## How to complete this task
Go through the listing below and output exactly the line with "Tidligere Skagen-topp Harald", the line with "Colar Medalha e Concha Banhado em Ouro 18k", and each line between; omit the rest.
╭─ Entries supplied
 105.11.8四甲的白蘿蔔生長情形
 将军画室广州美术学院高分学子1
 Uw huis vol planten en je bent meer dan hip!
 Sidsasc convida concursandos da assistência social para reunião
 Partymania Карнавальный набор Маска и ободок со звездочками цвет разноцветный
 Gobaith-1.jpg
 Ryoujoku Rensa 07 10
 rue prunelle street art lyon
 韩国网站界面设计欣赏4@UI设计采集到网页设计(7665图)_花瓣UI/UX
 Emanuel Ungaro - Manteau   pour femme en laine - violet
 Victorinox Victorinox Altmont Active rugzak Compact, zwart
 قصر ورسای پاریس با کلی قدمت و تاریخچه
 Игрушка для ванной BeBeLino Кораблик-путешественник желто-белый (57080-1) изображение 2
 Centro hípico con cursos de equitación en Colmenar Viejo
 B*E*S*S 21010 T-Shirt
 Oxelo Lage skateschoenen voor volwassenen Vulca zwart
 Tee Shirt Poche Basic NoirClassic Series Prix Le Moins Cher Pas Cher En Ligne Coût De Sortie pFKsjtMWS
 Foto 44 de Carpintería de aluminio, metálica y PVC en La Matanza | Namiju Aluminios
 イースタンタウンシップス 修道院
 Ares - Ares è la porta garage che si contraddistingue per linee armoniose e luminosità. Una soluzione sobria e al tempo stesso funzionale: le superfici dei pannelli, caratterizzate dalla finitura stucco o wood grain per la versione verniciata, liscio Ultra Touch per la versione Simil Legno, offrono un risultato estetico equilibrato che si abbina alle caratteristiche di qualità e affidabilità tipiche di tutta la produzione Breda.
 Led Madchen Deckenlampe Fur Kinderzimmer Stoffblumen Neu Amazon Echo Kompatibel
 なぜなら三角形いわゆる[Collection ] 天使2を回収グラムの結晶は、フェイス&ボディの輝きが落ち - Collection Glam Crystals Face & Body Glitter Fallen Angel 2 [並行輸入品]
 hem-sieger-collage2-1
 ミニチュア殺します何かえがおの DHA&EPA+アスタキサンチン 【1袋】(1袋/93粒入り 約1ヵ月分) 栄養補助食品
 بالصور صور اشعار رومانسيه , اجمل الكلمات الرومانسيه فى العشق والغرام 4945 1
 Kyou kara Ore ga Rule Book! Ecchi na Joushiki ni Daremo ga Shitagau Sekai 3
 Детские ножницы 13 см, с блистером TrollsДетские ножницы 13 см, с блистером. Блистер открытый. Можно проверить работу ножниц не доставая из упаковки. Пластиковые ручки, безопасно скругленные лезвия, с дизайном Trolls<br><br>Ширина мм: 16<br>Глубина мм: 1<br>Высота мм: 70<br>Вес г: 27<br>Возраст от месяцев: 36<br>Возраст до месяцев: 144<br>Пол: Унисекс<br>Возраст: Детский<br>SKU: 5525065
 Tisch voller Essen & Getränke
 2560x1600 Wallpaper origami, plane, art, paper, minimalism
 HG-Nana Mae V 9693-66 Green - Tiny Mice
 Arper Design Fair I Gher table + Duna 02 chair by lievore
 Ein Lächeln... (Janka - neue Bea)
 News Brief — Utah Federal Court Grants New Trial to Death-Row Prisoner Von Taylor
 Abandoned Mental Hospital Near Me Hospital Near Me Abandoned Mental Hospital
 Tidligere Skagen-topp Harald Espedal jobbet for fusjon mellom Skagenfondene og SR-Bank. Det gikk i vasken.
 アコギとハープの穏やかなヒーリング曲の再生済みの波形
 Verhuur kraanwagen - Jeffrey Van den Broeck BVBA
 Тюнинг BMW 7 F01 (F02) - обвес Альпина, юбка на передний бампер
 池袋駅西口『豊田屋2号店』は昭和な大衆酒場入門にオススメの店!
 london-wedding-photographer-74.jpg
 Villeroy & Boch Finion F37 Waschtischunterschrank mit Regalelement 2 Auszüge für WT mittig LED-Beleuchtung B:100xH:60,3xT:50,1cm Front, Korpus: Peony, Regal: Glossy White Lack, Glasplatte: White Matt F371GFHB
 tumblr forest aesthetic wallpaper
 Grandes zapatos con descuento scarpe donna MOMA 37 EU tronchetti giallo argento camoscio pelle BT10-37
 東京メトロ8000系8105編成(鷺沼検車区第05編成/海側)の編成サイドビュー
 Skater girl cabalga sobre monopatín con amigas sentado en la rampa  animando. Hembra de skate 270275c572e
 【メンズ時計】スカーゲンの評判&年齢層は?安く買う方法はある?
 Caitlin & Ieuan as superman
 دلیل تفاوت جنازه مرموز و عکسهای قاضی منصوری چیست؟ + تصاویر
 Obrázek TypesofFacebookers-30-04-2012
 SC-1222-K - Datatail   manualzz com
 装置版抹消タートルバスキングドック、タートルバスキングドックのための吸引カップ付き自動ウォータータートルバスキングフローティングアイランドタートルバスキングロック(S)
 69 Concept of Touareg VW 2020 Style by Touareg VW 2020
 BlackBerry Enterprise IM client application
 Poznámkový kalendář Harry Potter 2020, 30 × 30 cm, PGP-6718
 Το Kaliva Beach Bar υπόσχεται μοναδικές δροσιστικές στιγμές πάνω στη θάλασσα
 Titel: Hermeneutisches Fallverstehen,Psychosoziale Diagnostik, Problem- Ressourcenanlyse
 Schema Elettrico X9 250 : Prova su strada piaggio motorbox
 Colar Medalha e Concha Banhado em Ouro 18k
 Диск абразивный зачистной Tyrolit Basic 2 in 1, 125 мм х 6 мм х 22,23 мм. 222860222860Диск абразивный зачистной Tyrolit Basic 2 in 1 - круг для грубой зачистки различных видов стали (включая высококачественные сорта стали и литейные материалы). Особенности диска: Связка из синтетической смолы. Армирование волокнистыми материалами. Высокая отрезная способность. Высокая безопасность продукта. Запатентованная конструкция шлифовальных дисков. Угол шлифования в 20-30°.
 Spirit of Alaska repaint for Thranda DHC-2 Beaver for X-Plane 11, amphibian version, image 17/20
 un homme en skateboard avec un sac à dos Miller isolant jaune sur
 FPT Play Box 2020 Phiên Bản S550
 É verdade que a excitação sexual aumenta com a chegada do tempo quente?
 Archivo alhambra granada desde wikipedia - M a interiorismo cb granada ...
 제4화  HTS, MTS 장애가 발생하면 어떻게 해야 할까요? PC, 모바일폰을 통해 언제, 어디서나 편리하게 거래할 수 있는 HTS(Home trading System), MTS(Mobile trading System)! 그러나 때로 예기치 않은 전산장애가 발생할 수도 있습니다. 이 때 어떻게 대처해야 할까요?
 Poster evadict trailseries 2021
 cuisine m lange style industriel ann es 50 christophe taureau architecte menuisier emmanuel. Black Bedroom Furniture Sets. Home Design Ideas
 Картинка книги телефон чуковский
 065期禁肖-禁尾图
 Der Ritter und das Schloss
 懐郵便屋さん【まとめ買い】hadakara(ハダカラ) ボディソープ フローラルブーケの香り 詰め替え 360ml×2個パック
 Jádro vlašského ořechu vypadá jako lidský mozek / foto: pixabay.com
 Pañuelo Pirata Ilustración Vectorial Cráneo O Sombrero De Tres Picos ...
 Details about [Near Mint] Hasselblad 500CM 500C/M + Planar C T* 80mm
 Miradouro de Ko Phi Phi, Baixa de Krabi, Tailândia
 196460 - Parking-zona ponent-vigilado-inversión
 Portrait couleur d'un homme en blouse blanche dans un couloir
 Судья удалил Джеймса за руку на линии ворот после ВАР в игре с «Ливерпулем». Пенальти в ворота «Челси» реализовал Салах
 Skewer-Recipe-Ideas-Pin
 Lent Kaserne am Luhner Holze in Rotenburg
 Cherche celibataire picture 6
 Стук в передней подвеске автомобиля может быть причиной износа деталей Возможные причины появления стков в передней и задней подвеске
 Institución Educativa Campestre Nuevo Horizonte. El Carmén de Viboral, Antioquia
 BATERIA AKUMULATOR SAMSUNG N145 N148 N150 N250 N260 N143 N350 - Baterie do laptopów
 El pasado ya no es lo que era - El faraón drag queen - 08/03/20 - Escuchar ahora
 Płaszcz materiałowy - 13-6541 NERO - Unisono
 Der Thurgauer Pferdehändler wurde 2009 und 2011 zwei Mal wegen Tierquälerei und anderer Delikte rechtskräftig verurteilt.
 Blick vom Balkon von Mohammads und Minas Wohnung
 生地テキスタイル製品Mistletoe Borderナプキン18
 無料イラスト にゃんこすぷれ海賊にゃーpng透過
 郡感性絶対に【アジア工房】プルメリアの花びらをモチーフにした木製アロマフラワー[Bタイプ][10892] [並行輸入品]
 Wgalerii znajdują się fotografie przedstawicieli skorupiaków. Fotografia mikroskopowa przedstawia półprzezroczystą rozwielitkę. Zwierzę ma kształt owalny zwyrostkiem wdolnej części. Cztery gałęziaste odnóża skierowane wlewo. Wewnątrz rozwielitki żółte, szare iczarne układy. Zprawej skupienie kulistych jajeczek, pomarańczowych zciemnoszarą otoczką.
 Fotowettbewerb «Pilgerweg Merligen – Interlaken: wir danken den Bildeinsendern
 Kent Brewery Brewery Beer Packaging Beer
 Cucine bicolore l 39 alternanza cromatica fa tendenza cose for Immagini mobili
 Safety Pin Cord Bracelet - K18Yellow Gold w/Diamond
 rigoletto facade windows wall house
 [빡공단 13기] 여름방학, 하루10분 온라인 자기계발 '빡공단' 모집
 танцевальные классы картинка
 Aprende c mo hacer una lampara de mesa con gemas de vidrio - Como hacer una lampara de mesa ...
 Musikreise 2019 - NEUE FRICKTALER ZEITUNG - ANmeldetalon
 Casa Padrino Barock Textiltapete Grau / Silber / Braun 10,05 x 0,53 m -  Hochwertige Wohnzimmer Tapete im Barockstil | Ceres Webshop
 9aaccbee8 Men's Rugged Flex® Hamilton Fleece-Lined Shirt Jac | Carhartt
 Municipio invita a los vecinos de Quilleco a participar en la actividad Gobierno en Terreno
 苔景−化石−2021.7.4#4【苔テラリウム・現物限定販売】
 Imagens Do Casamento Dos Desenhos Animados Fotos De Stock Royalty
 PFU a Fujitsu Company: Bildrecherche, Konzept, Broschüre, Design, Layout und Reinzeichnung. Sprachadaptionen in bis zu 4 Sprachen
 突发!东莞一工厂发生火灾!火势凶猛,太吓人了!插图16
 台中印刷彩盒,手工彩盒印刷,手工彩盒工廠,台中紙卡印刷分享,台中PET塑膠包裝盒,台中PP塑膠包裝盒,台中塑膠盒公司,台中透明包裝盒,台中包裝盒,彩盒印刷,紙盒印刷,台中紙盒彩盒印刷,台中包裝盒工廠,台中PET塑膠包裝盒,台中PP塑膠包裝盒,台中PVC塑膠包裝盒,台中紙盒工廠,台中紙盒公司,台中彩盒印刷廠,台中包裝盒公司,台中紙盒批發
╰─
## Problem solution
 Tidligere Skagen-topp Harald Espedal jobbet for fusjon mellom Skagenfondene og SR-Bank. Det gikk i vasken.
 アコギとハープの穏やかなヒーリング曲の再生済みの波形
 Verhuur kraanwagen - Jeffrey Van den Broeck BVBA
 Тюнинг BMW 7 F01 (F02) - обвес Альпина, юбка на передний бампер
 池袋駅西口『豊田屋2号店』は昭和な大衆酒場入門にオススメの店!
 london-wedding-photographer-74.jpg
 Villeroy & Boch Finion F37 Waschtischunterschrank mit Regalelement 2 Auszüge für WT mittig LED-Beleuchtung B:100xH:60,3xT:50,1cm Front, Korpus: Peony, Regal: Glossy White Lack, Glasplatte: White Matt F371GFHB
 tumblr forest aesthetic wallpaper
 Grandes zapatos con descuento scarpe donna MOMA 37 EU tronchetti giallo argento camoscio pelle BT10-37
 東京メトロ8000系8105編成(鷺沼検車区第05編成/海側)の編成サイドビュー
 Skater girl cabalga sobre monopatín con amigas sentado en la rampa  animando. Hembra de skate 270275c572e
 【メンズ時計】スカーゲンの評判&年齢層は?安く買う方法はある?
 Caitlin & Ieuan as superman
 دلیل تفاوت جنازه مرموز و عکسهای قاضی منصوری چیست؟ + تصاویر
 Obrázek TypesofFacebookers-30-04-2012
 SC-1222-K - Datatail   manualzz com
 装置版抹消タートルバスキングドック、タートルバスキングドックのための吸引カップ付き自動ウォータータートルバスキングフローティングアイランドタートルバスキングロック(S)
 69 Concept of Touareg VW 2020 Style by Touareg VW 2020
 BlackBerry Enterprise IM client application
 Poznámkový kalendář Harry Potter 2020, 30 × 30 cm, PGP-6718
 Το Kaliva Beach Bar υπόσχεται μοναδικές δροσιστικές στιγμές πάνω στη θάλασσα
 Titel: Hermeneutisches Fallverstehen,Psychosoziale Diagnostik, Problem- Ressourcenanlyse
 Schema Elettrico X9 250 : Prova su strada piaggio motorbox
 Colar Medalha e Concha Banhado em Ouro 18k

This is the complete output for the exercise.